ART | CRITIQUE

L’Invitation au bocal

PLiv Taylor
@12 Jan 2008

Des aller retour donc, une proximité manifeste, une variation particulière sur le thème de l’hospitalité: L’Invitation au bocal est aussi une histoire de vases communiquants.

A la Galerie municipale de Vitry, l’hospitalité est une histoire qui se déplie. Pour preuve, la filiation qui a vu naître l’exposition: la Galerie invite Stéphane Belzère à concevoir une exposition monographique. Fort de cette invitation, il décide lui-même d’inviter Frédérique Lucien pour occuper ensemble l’espace de la Galerie et mettre en regard leurs productions personnelles. Avant d’être une exposition, L’invitation au bocal est ainsi l’incarnation d’un désir de travailler ensemble, d’explorer de concert des chemins similaires, d’aborder des terrains connexes.

Un principe que l’on retrouve dans le parcours de l’exposition. Chacun cultive son jardin, non pas en retrait de l’attention de l’autre mais plutôt en recherchant les amorces d’un dialogue possible.
D’emblée, Lucien et Belzère nous plongent au cœur des vibrations qui font la force de leur travaux. Frédérique Lucien dessine à même le mur les sinuosités élastiques de ses formes, inscrites entre le relevé stratigraphique et le sentiment d’une végétation luxuriante. Stéphane Belzère saisit dans sa peinture la beauté étrange d’un organe végétant dans un bocal de laboratoire.

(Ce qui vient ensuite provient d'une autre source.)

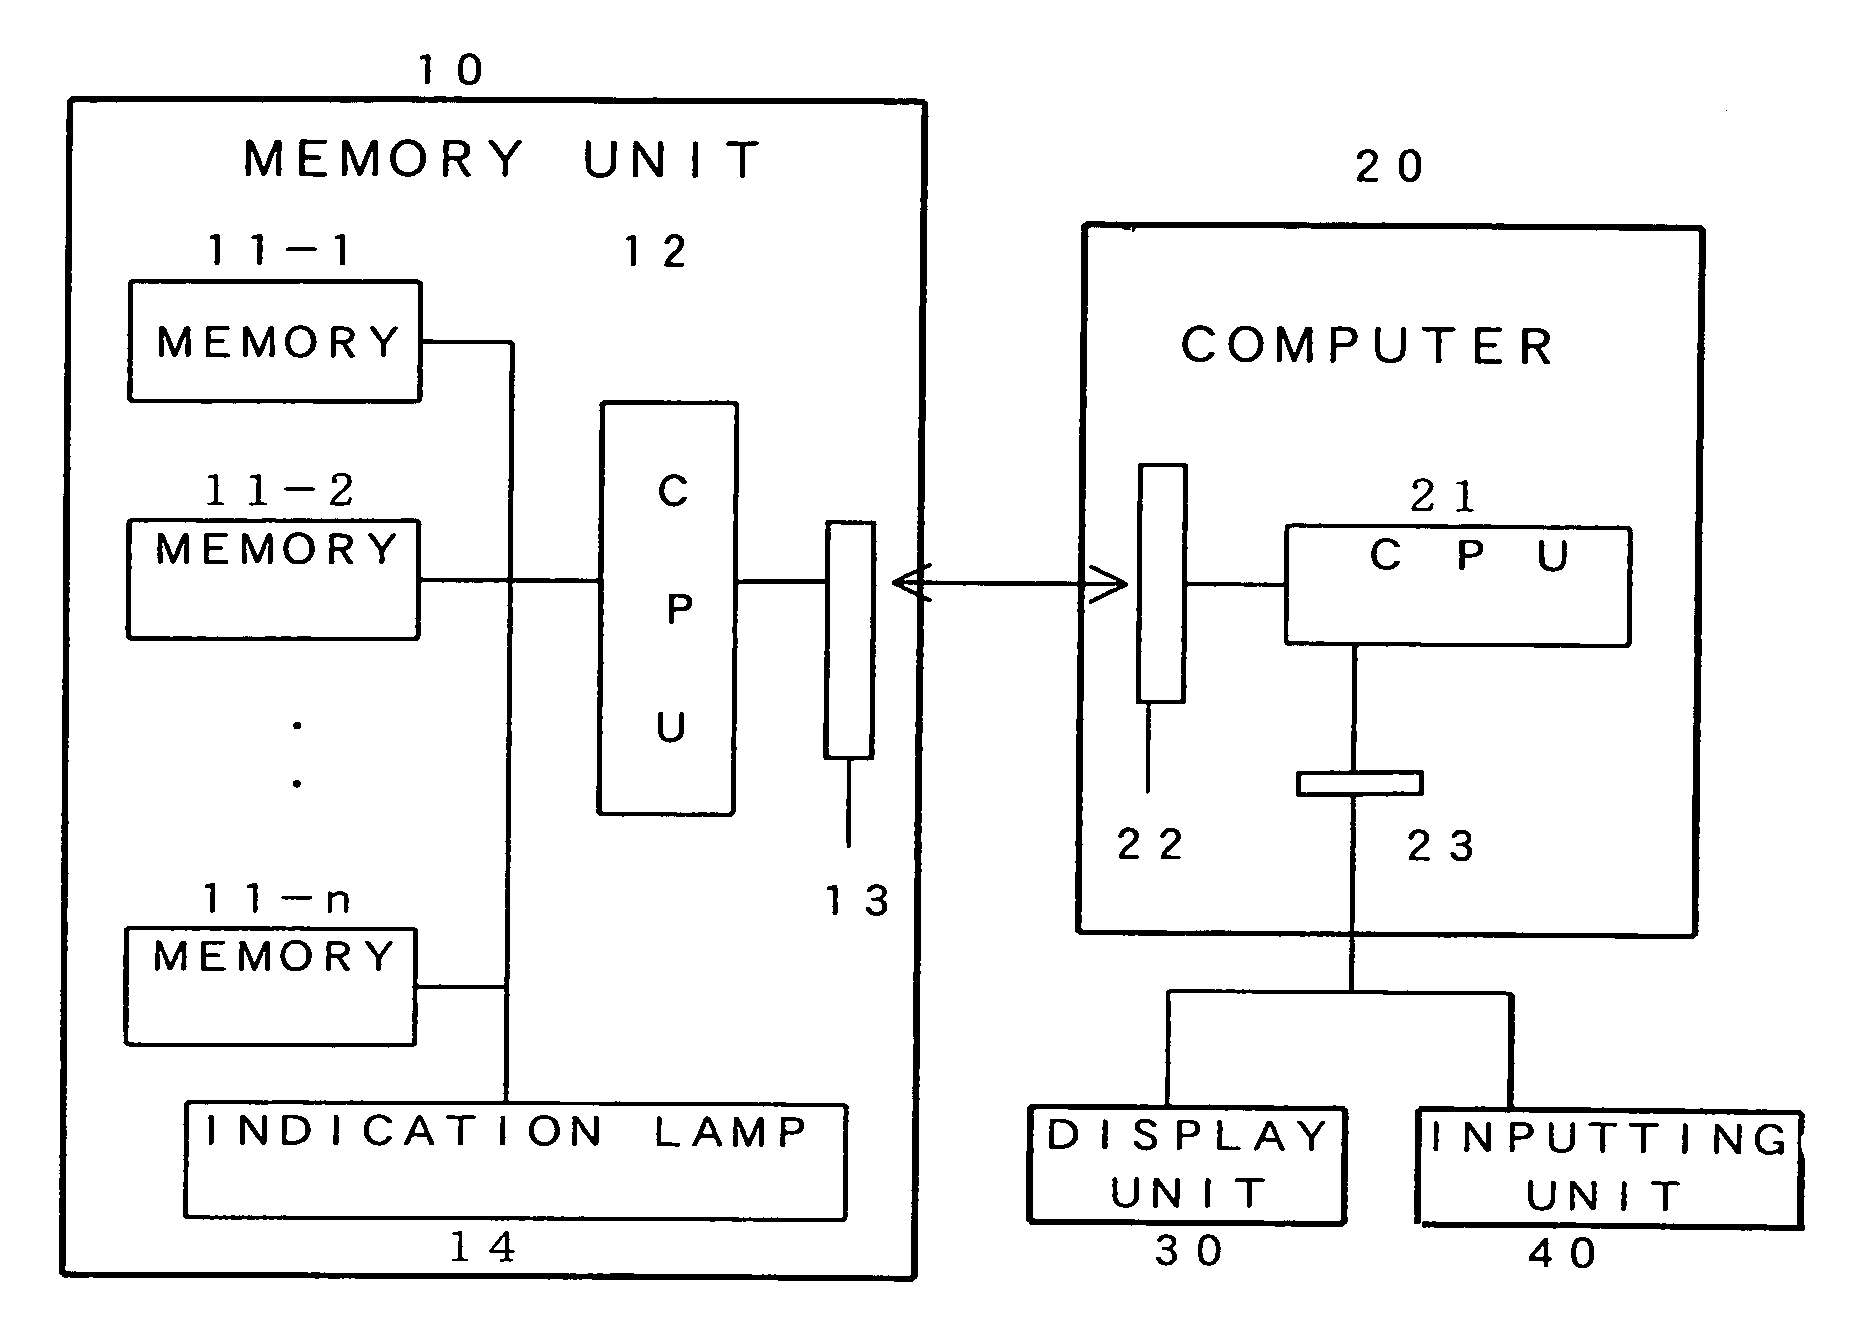 Memory unit having memory status indicator

Les salles intermédiaires inspirent des conversations inédites, les «figures» de l’un retrouvant des gémellités dans celles de l’autre, Lucien découpant des silhouettes que les formes en flottaison de Belzère semblent remplir.

Les deux grandes salles impriment au dialogue une autre réalité : le face-à-face, la collision des styles. Économie du geste, effacement des formes au profit d’une exploration du vide, travail sur la strate, la superposition de transparences, prééminence d’une «iconothèque» suggérée par la nature (tige, pistil, pétale, paysage minéral) chez Frédérique Lucien. Peinture à la précision chirurgicale, présence autoritaire des sujets sur la toile, description sans complexe des corps morcelés et comprimés, stigmatisation de la frontière entre beauté et monstruosité chez Stéphane Belzère.

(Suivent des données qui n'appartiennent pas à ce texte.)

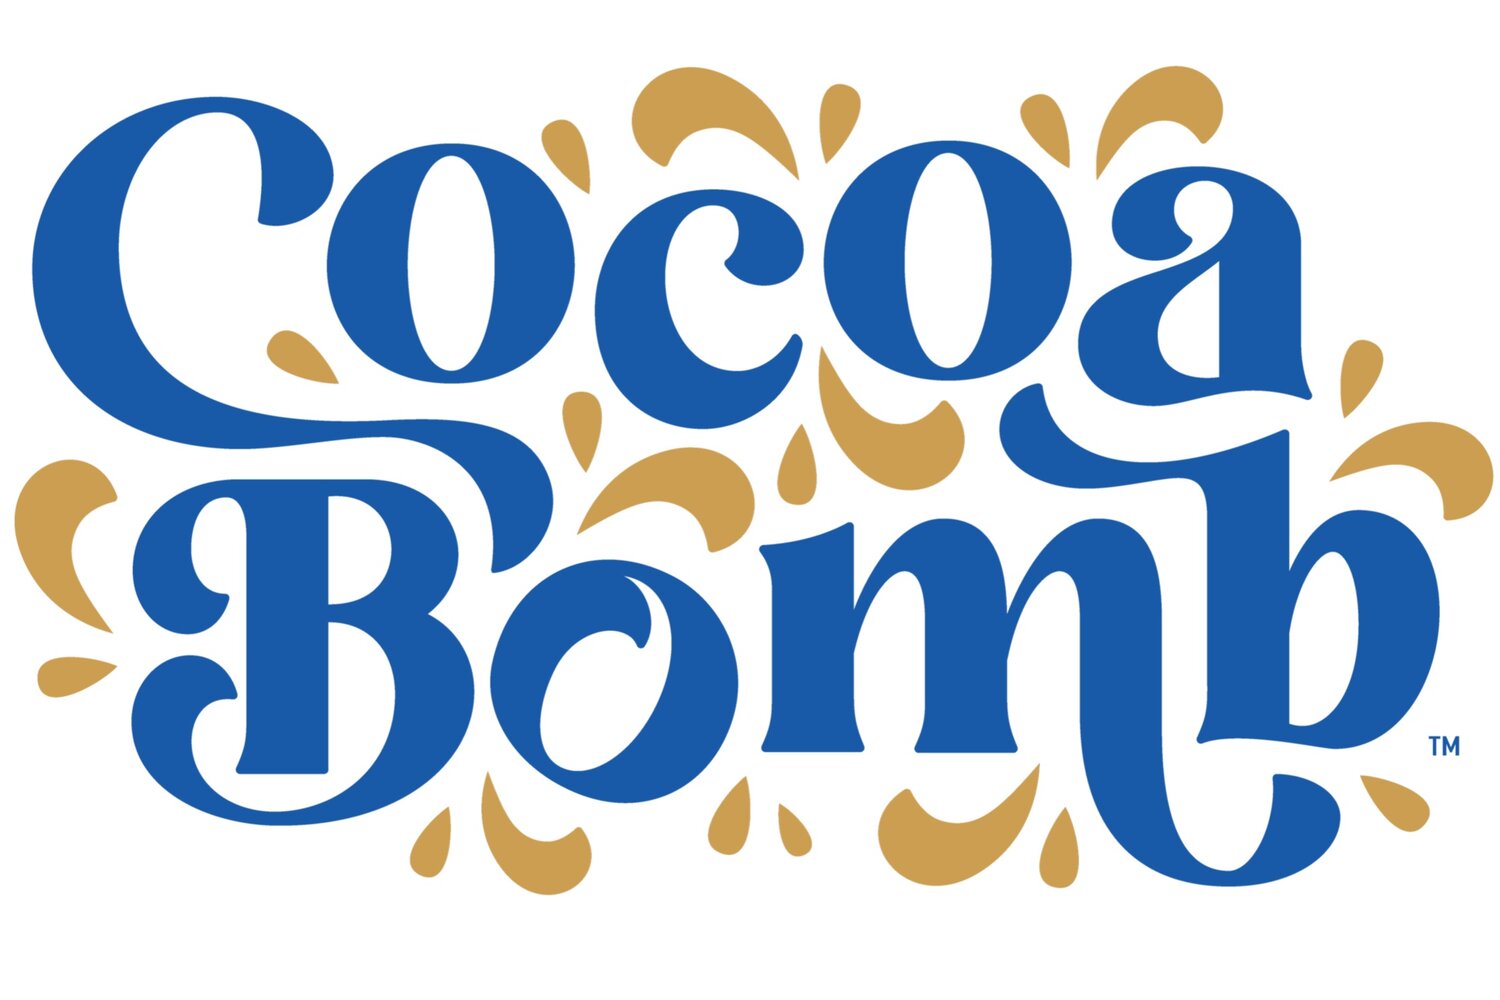 Cocoa Bomb Whiskey™

Mais ils se retrouvent pourtant dans cette architecture complexe et maîtrisée du vide et du plein. L’évidement et les zones massivement colorées de Frédérique Lucien répondent au modèle binaire de Stéphane Belzère, le «silence» du liquide de conservation face à la surcharge des sujets représentés.

Des sujets qui, par ailleurs, semblent dans les deux cas flirter avec la nonchalance de l’apesanteur. Les formes s’y étendent dans un effort centrifuge, l’écartement des motifs végétaux de Lucien en miroir du déploiement des organes de Belzère. D’où la planéité manifeste chez l’un comme chez l’autre, celle-ci nourrissant de manière consciente l’horizontalité de la scénographie, l’accrochage en série et cette volonté d’épouser au mieux l’espace d’exposition de la Galerie.

Des aller retour donc, une proximité manifeste, une variation particulière sur le thème de l’hospitalité: L’invitation au bocal est aussi une histoire de vase communiquant.

Frédérique Lucien
— Dessin, 2007. Gouache et calques additionnés. 28 x 38 cm.
— Sans titre, 2006. Encre et aluminium découpé. 142 x 114,5 cm.
— Dessin, 2007. Gouache et calques additionnés. 28 x 38 cm.

Stéphane Belzère
— Cercopithecus Aethiops Sabaeus, 1916-38 1931-741, 2005. Huile sur toile. 250 x 170 cm.
— Histrix Lo Quanda, Porc épic, A13406, 2005. Huile sur toile. 250 x 200 cm.
— Bocaux anatomiques n°32, 2005. Peinture vinylique sur toile. 100 x 500 cm.